## TASK
Beneath this sentence is a listing. Return its lines from the one containing "Slave Shinshin Hanten" through the last, exactly, and omit the pictures.

## PROVIDED MATERIAL

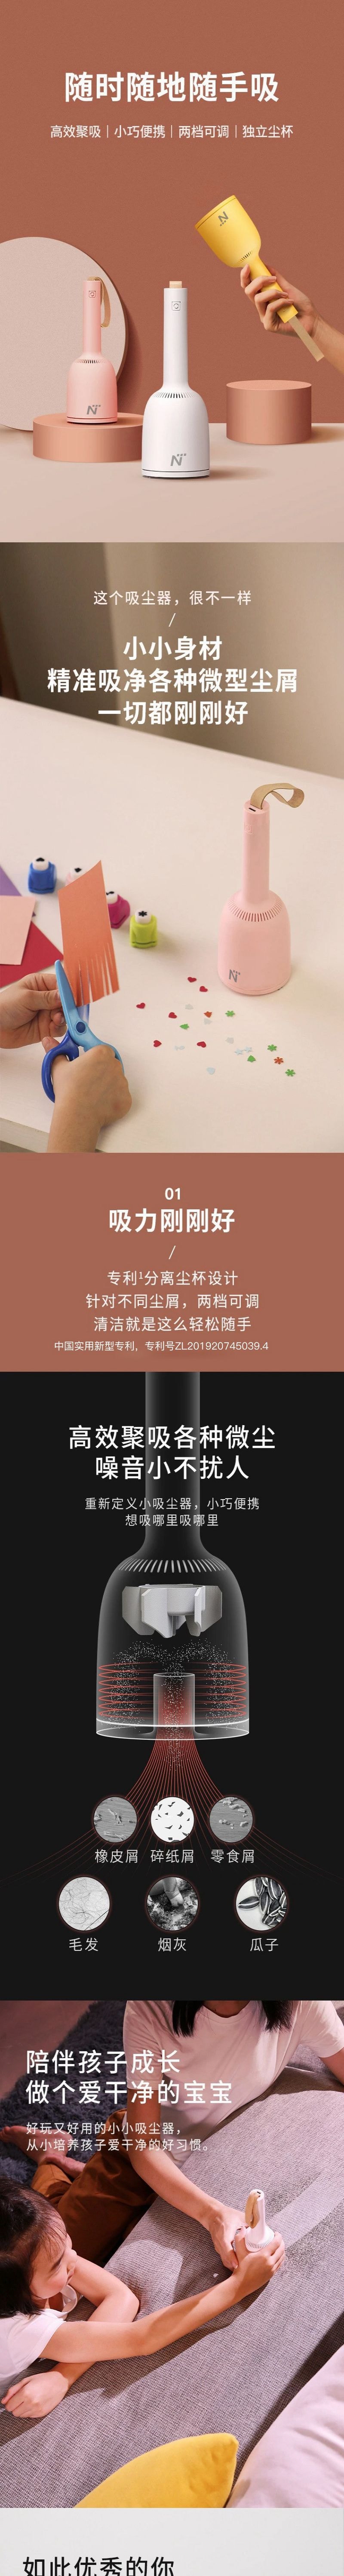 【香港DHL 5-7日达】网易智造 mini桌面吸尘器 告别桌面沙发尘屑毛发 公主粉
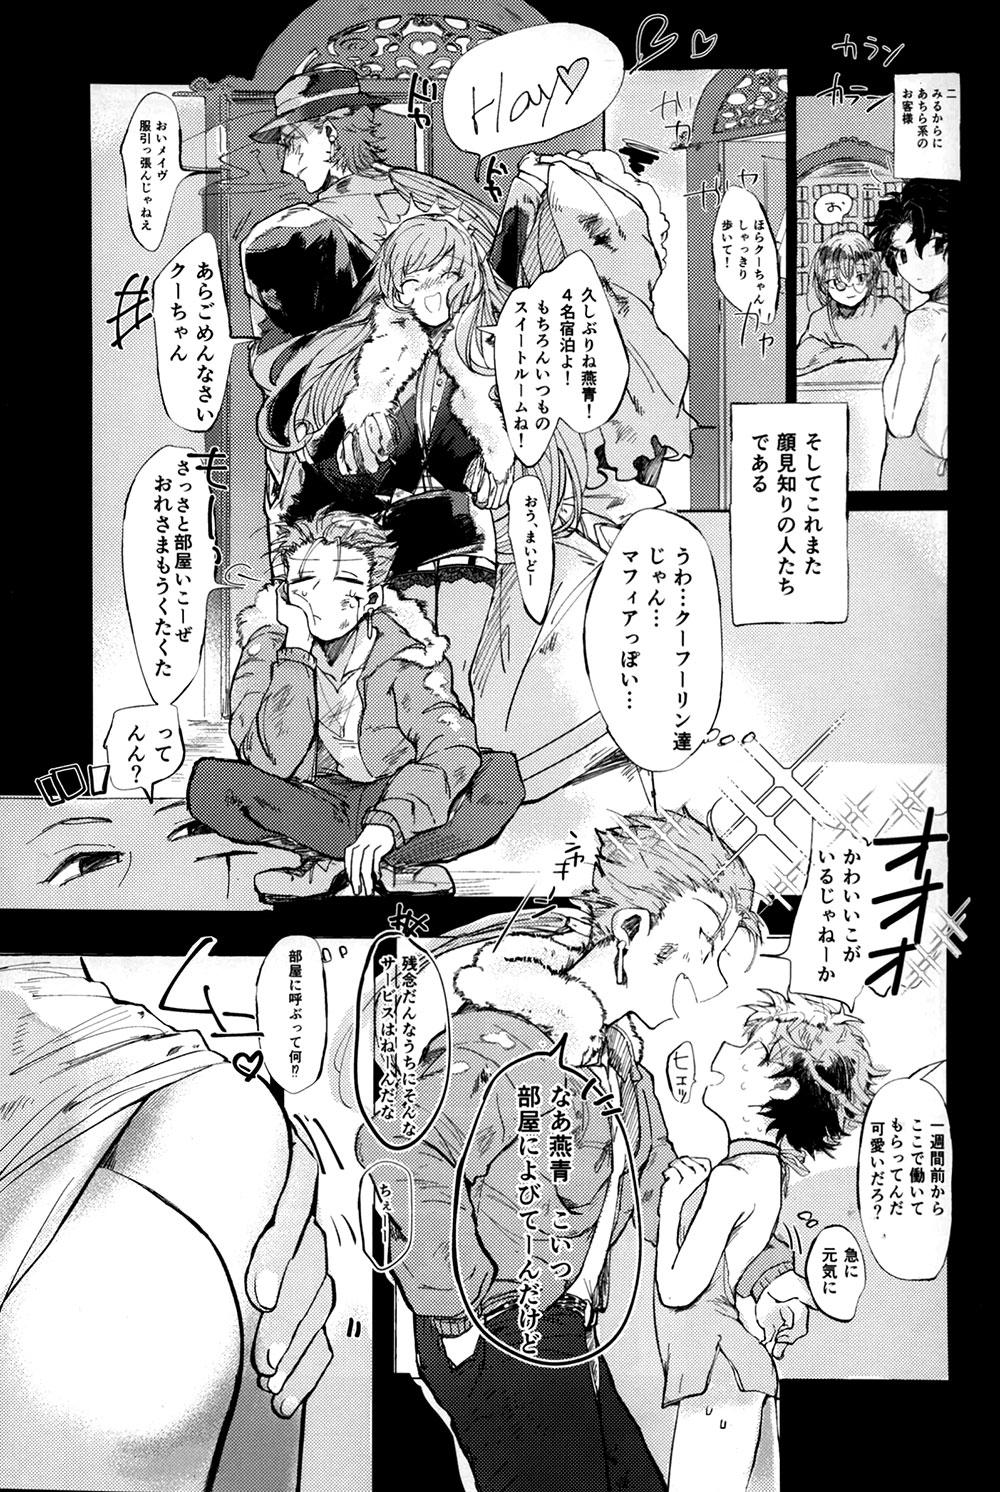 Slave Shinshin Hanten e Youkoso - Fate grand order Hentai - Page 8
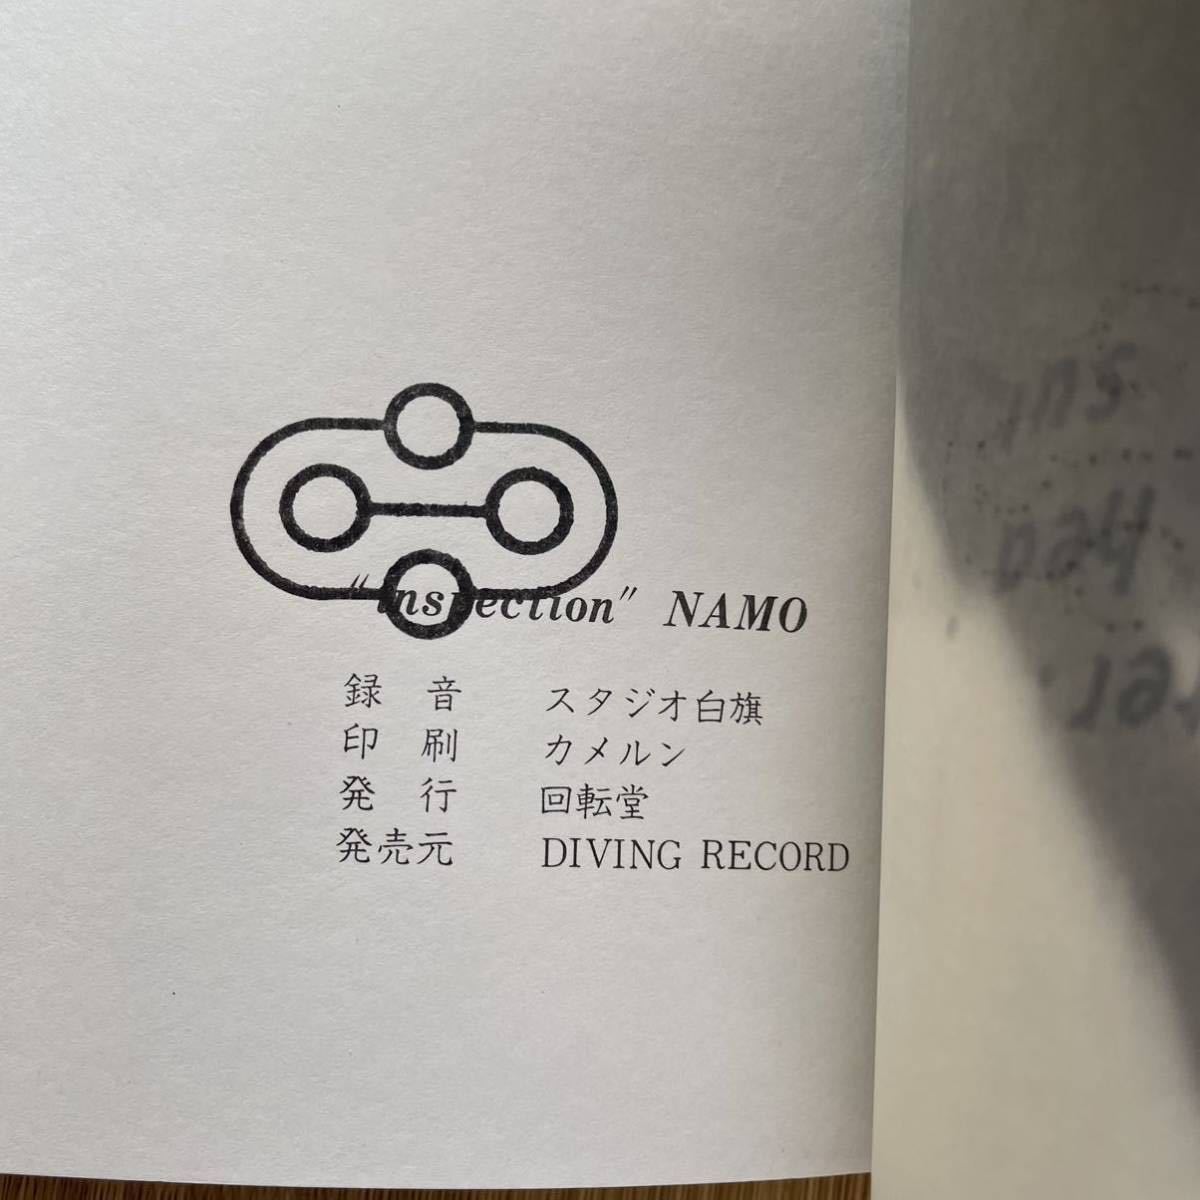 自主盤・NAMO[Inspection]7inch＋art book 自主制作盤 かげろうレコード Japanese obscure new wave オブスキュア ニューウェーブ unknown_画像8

## RESULT FOR THIS TASK
 Slave Shinshin Hanten e Youkoso - Fate grand order Hentai - Page 8
 自主盤・NAMO[Inspection]7inch＋art book 自主制作盤 かげろうレコード Japanese obscure new wave オブスキュア ニューウェーブ unknown_画像8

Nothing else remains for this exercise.